--- Problem requirements ---
Repeat verbatim what the listing holds, but not its pictures.

(Beginning of Supplied information)

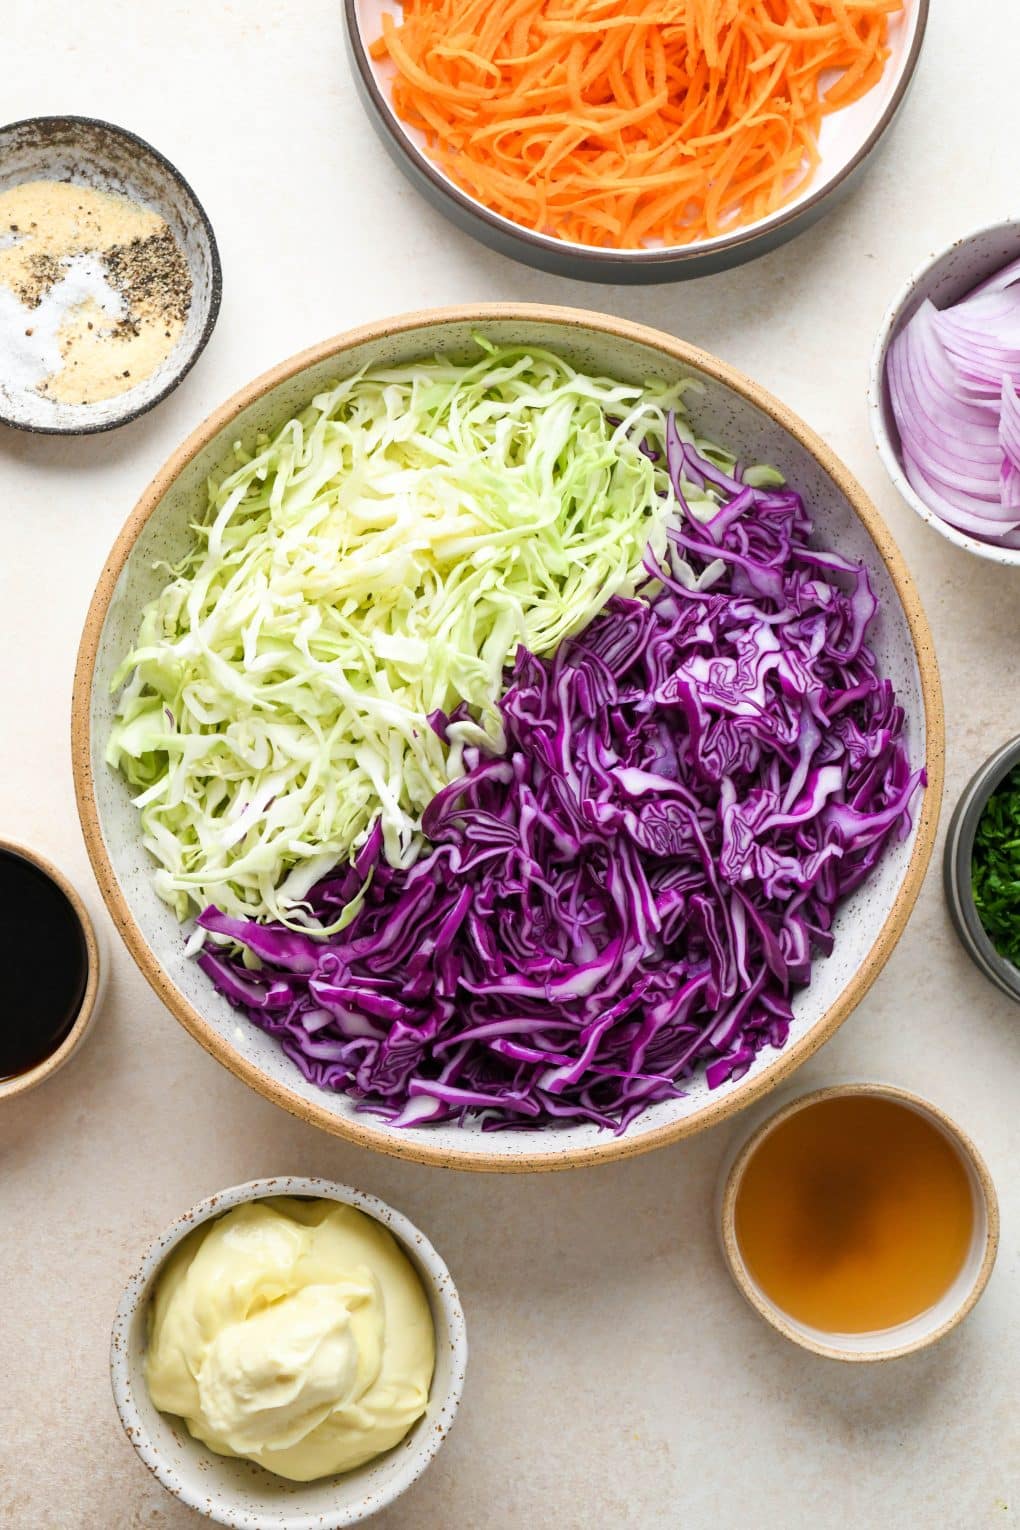 Ingredients for Whole30 coleslaw in various sized ceramics on a light cream colored background.
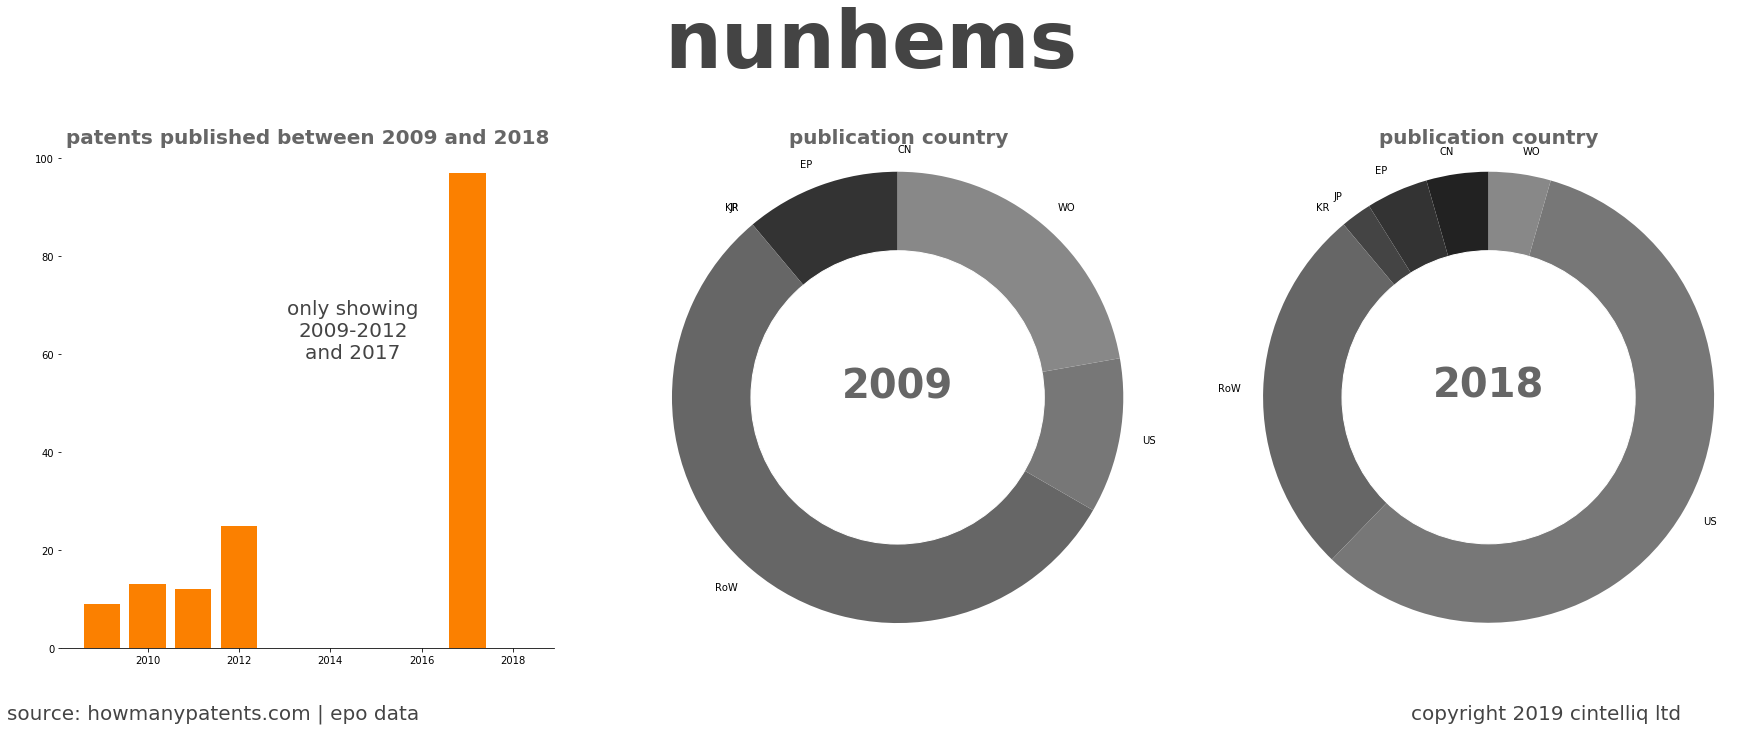 summary of patents for Nunhems
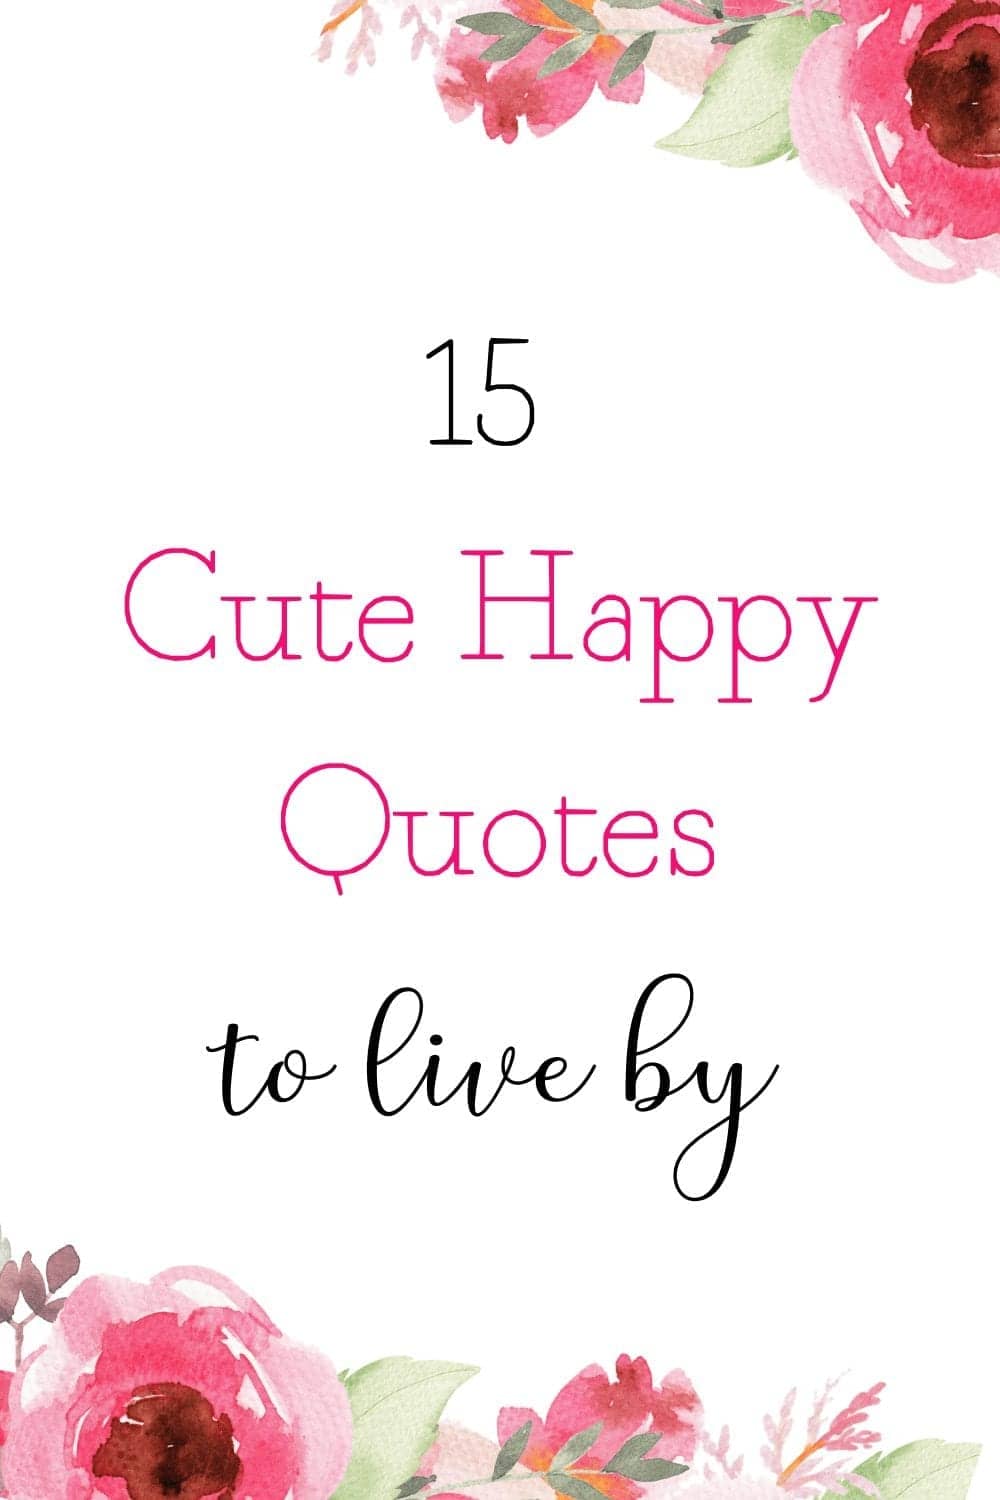 Cute happy quotes plus free printable quotes PDF download list

(End of Supplied information)

--- Solution to the problem ---
 Ingredients for Whole30 coleslaw in various sized ceramics on a light cream colored background.
 summary of patents for Nunhems
 Cute happy quotes plus free printable quotes PDF download list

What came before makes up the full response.